_Recorded information_:
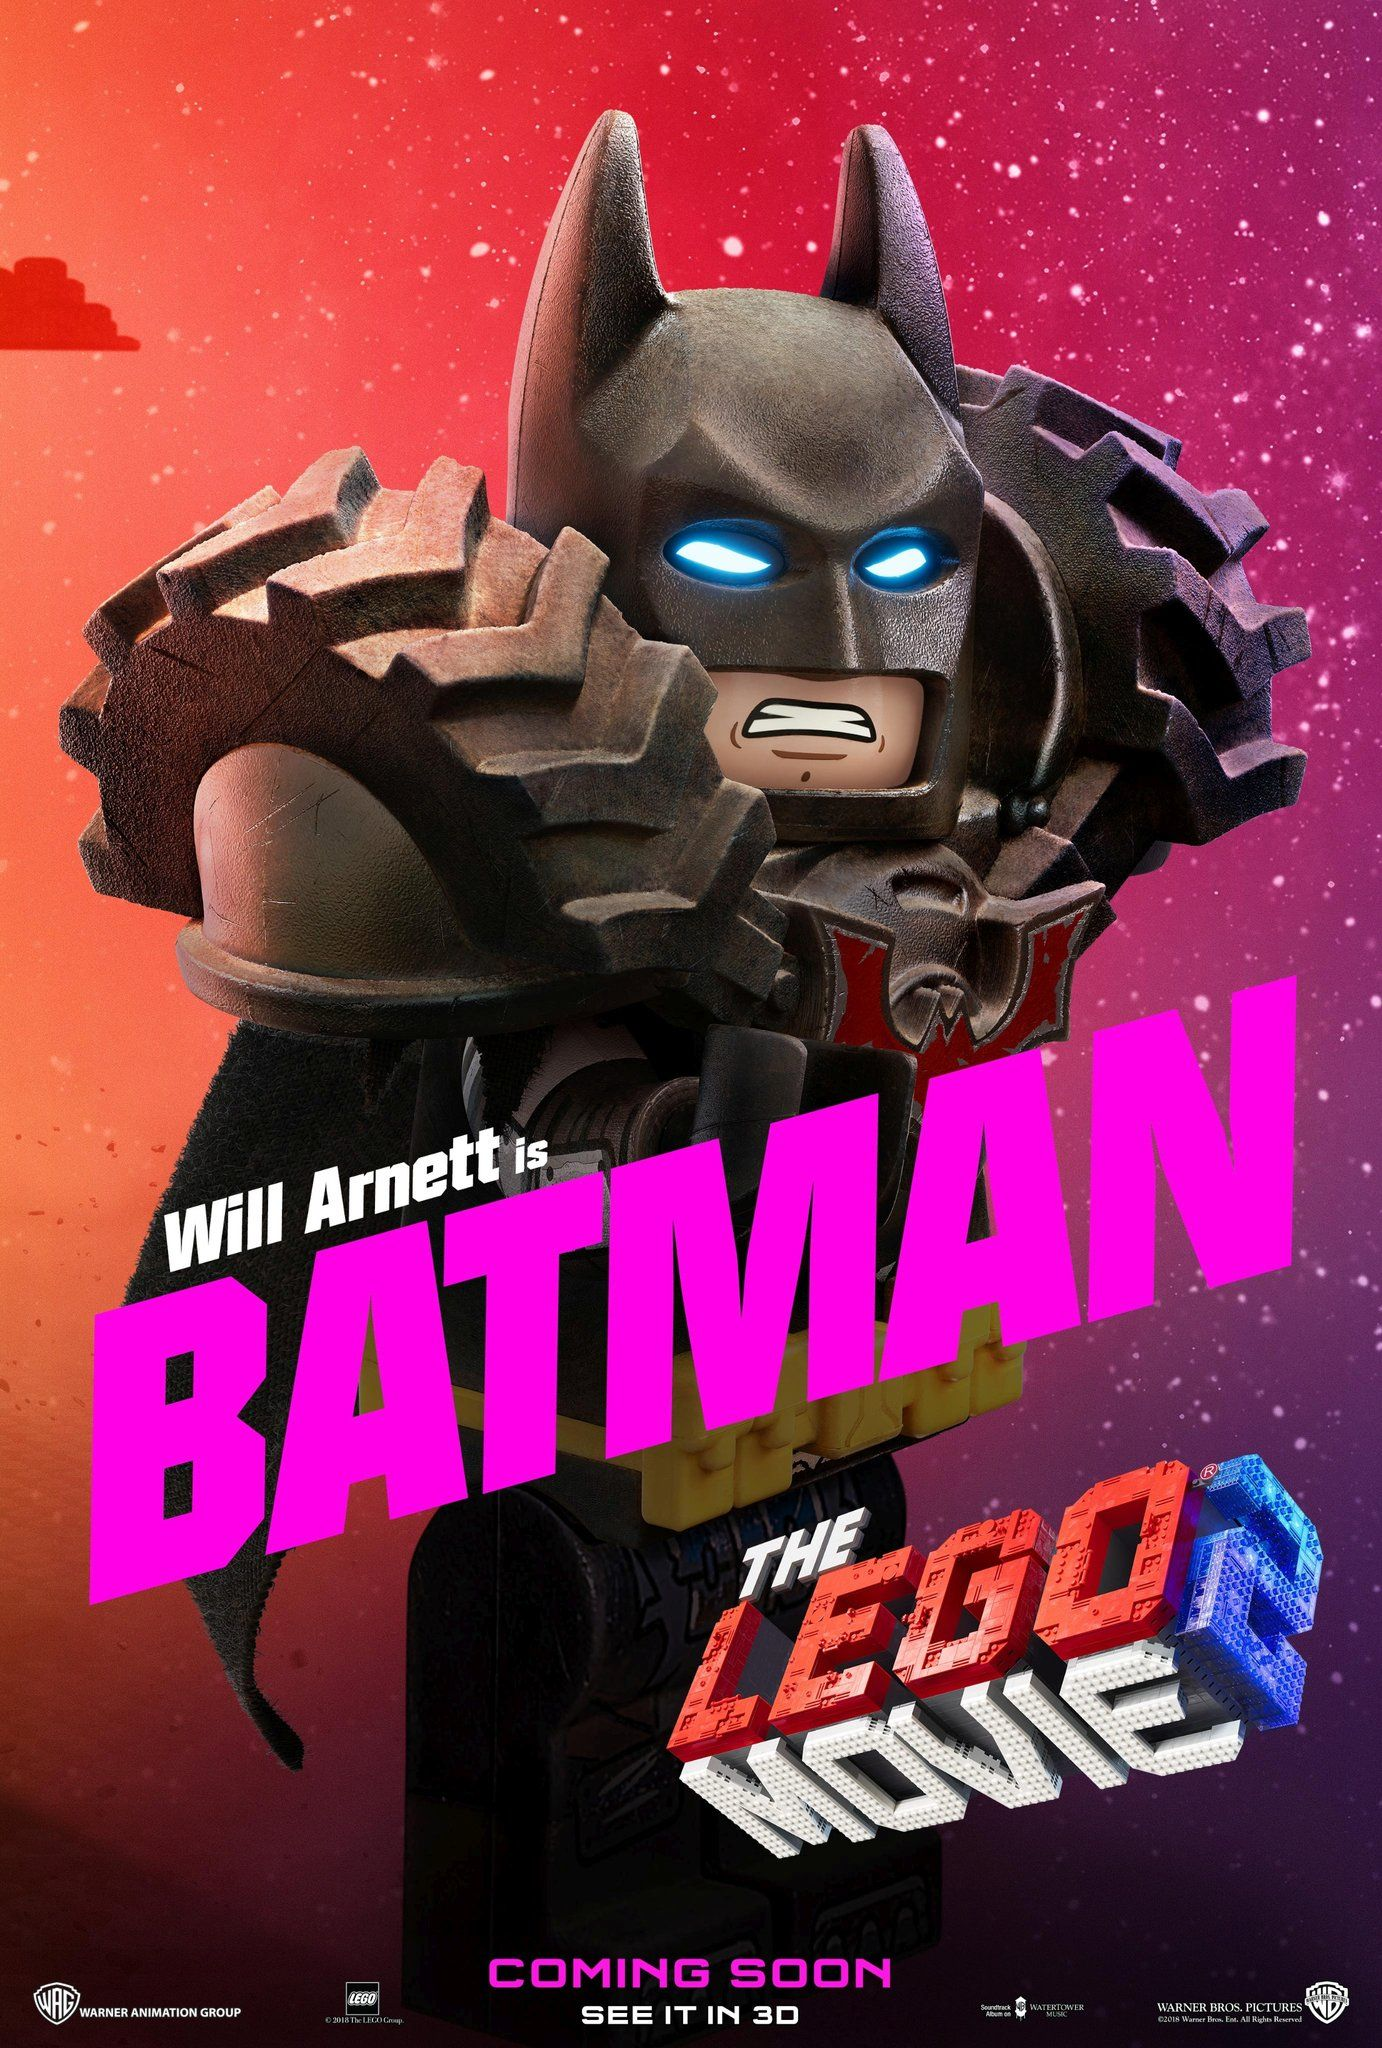 Will Arnett E Batman Em Thelegomovie2 Umaaventuralego2 Uma
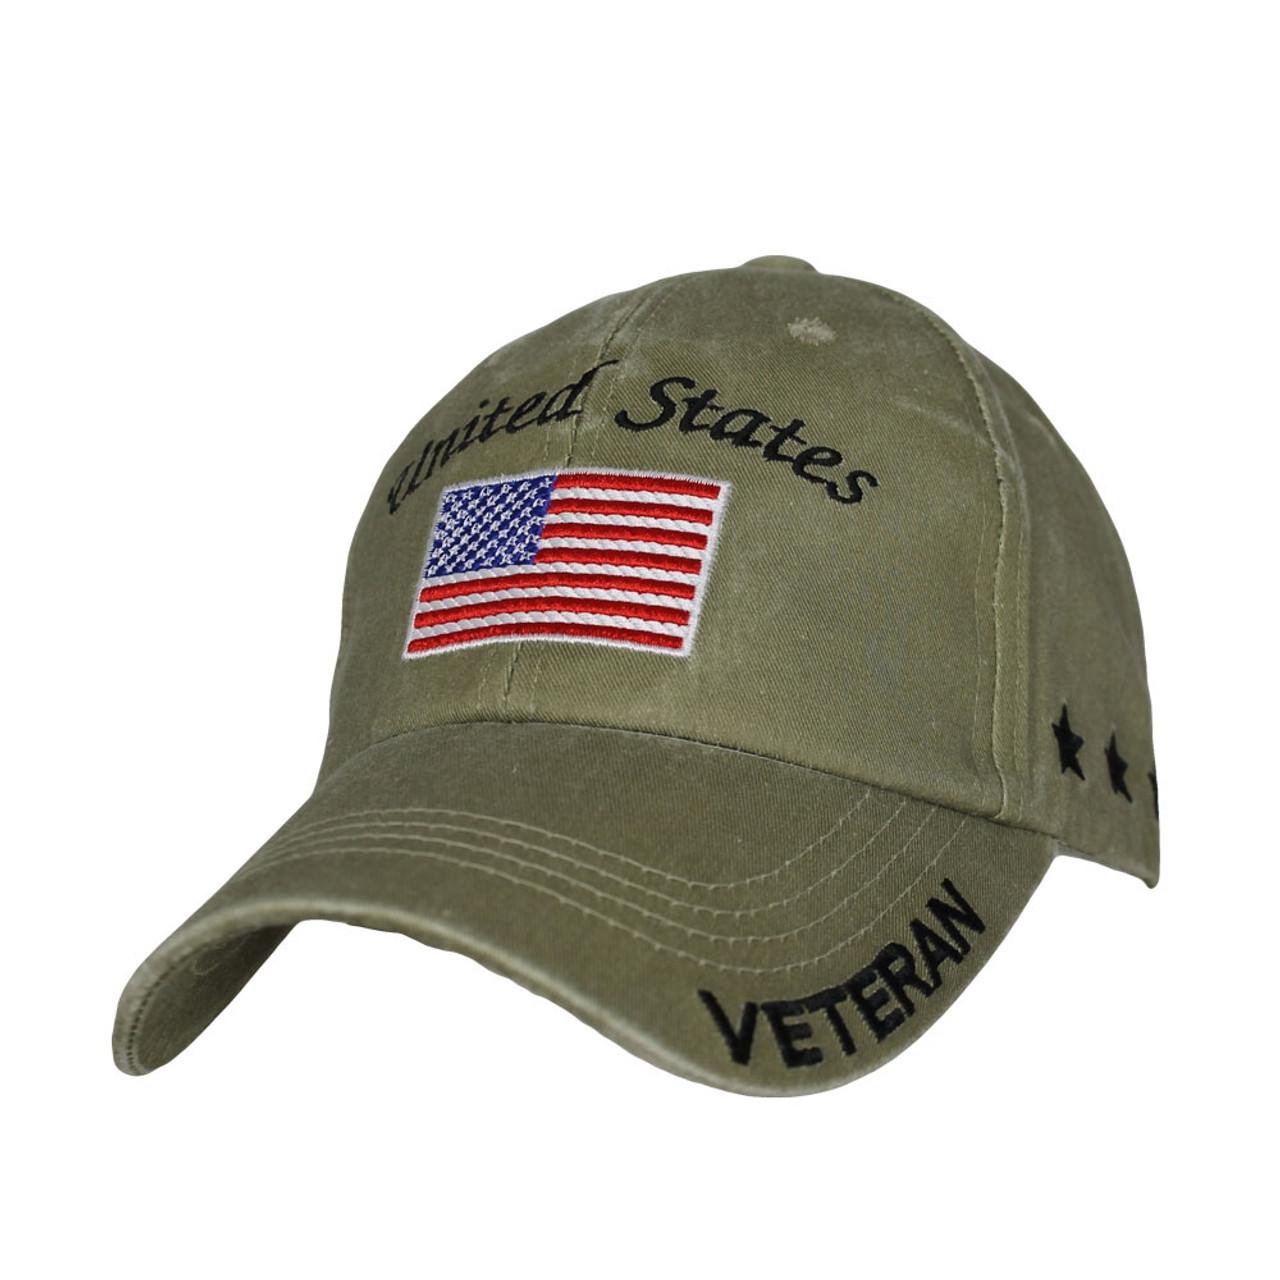 0e1c287942a78 US Military Veteran - U.S. Military with Flag Khaki Baseball Cap Hat
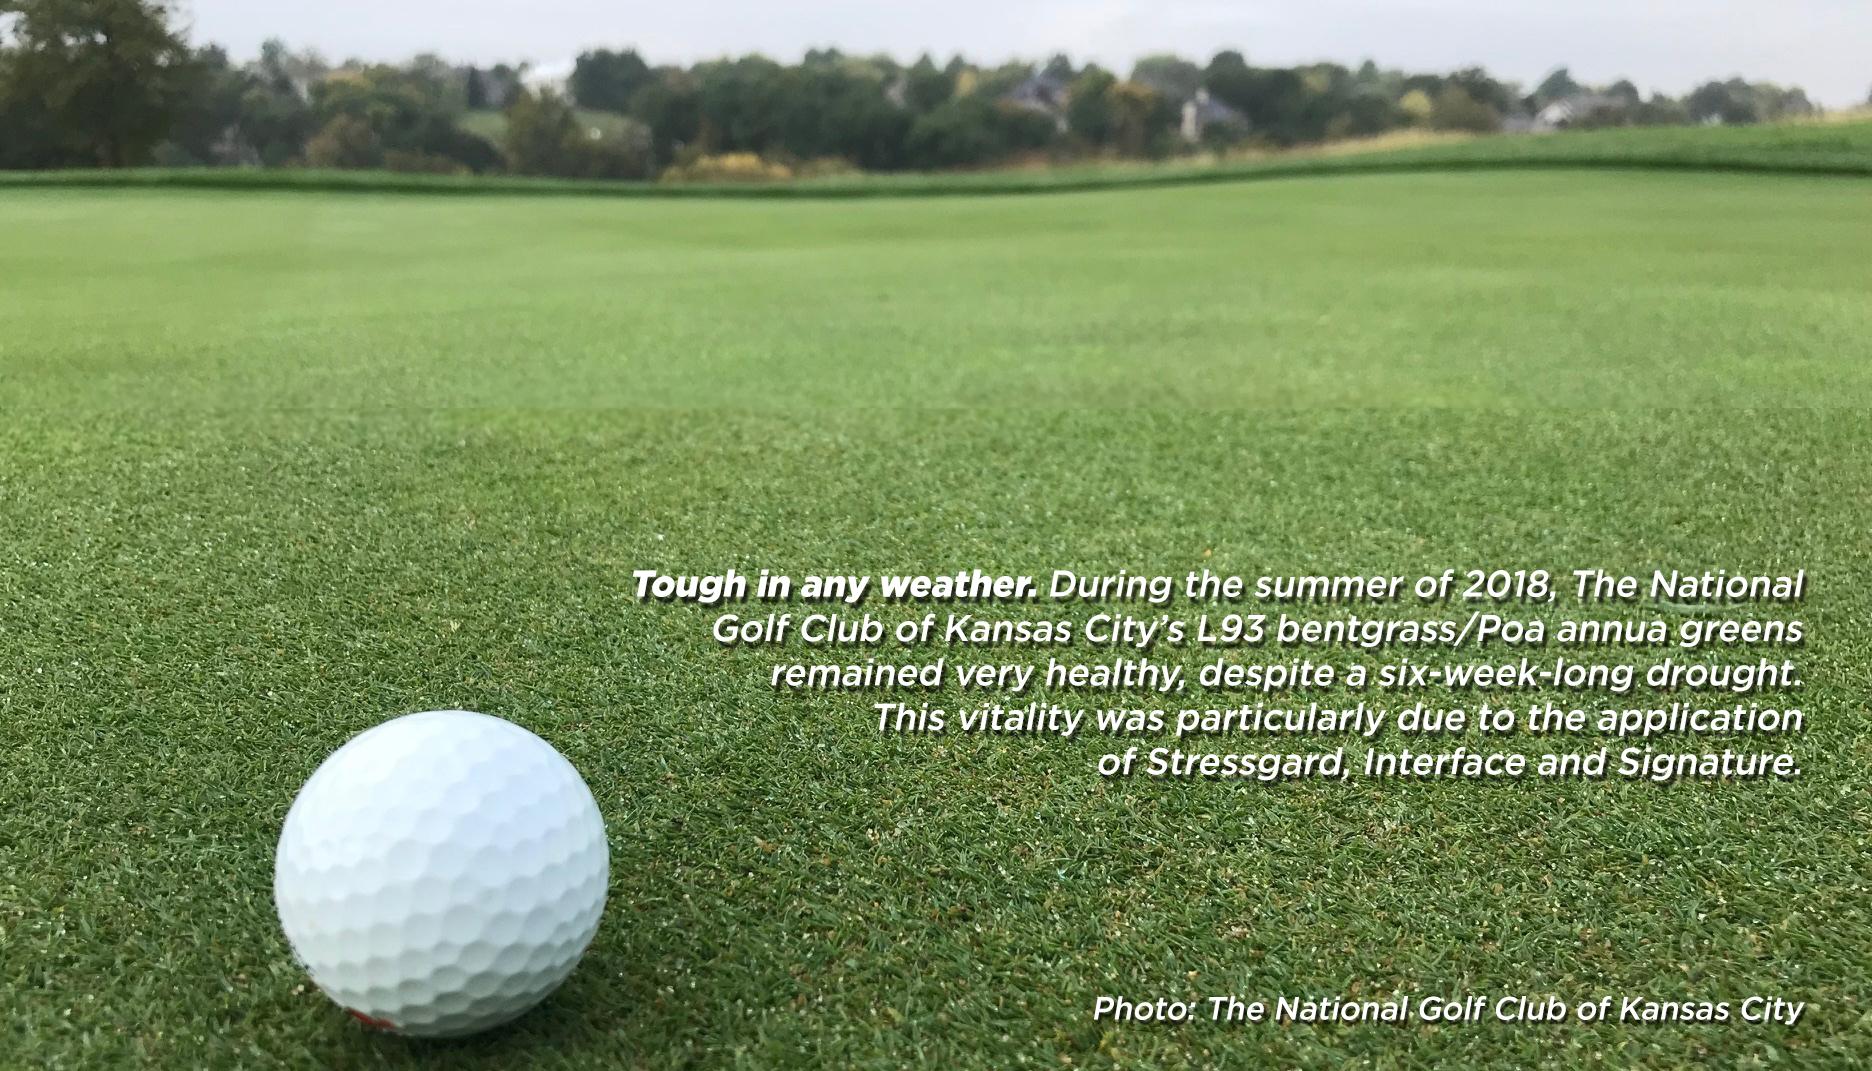 Photo: The National Golf Club of Kansas City
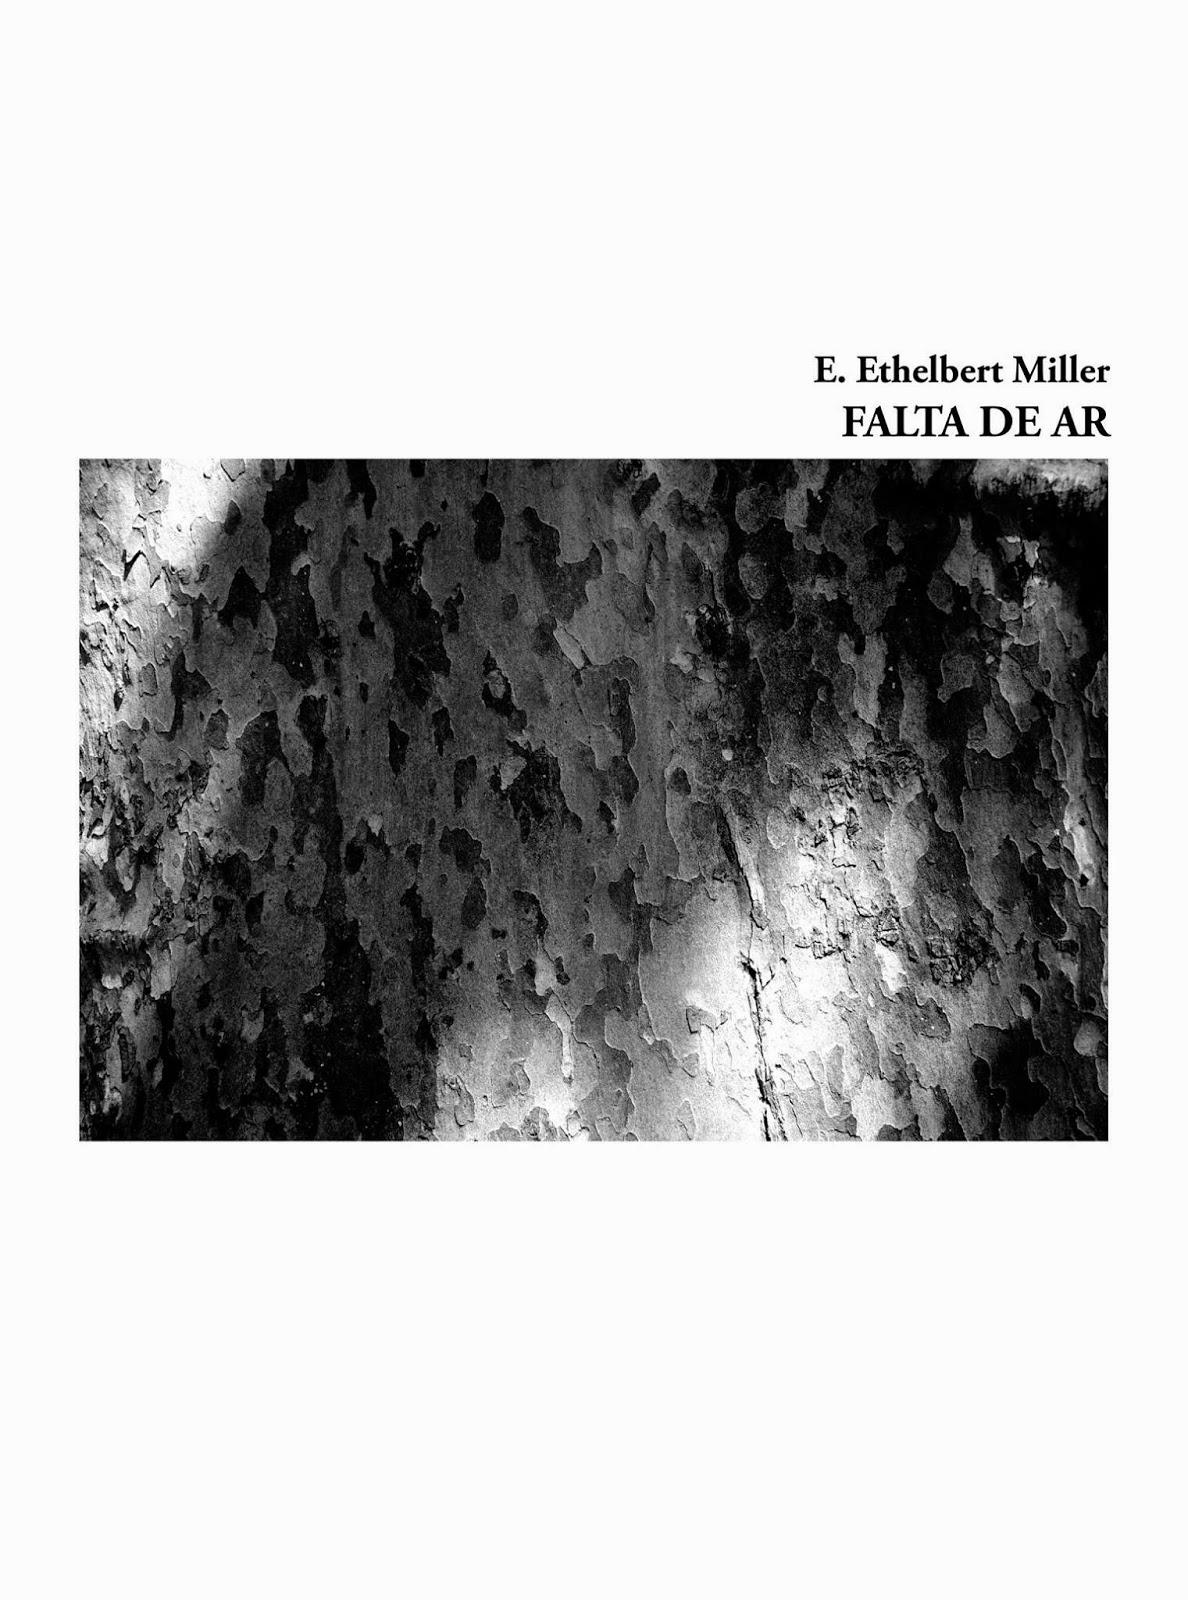 E. Ethelbert Miller, Medula, Poesia, Falta de Ar

_Activity_: Would you retype all the lines shown above, exactly as written and without any picture?

_Expected answer_:
 Will Arnett E Batman Em Thelegomovie2 Umaaventuralego2 Uma
 0e1c287942a78 US Military Veteran - U.S. Military with Flag Khaki Baseball Cap Hat
 Photo: The National Golf Club of Kansas City
 E. Ethelbert Miller, Medula, Poesia, Falta de Ar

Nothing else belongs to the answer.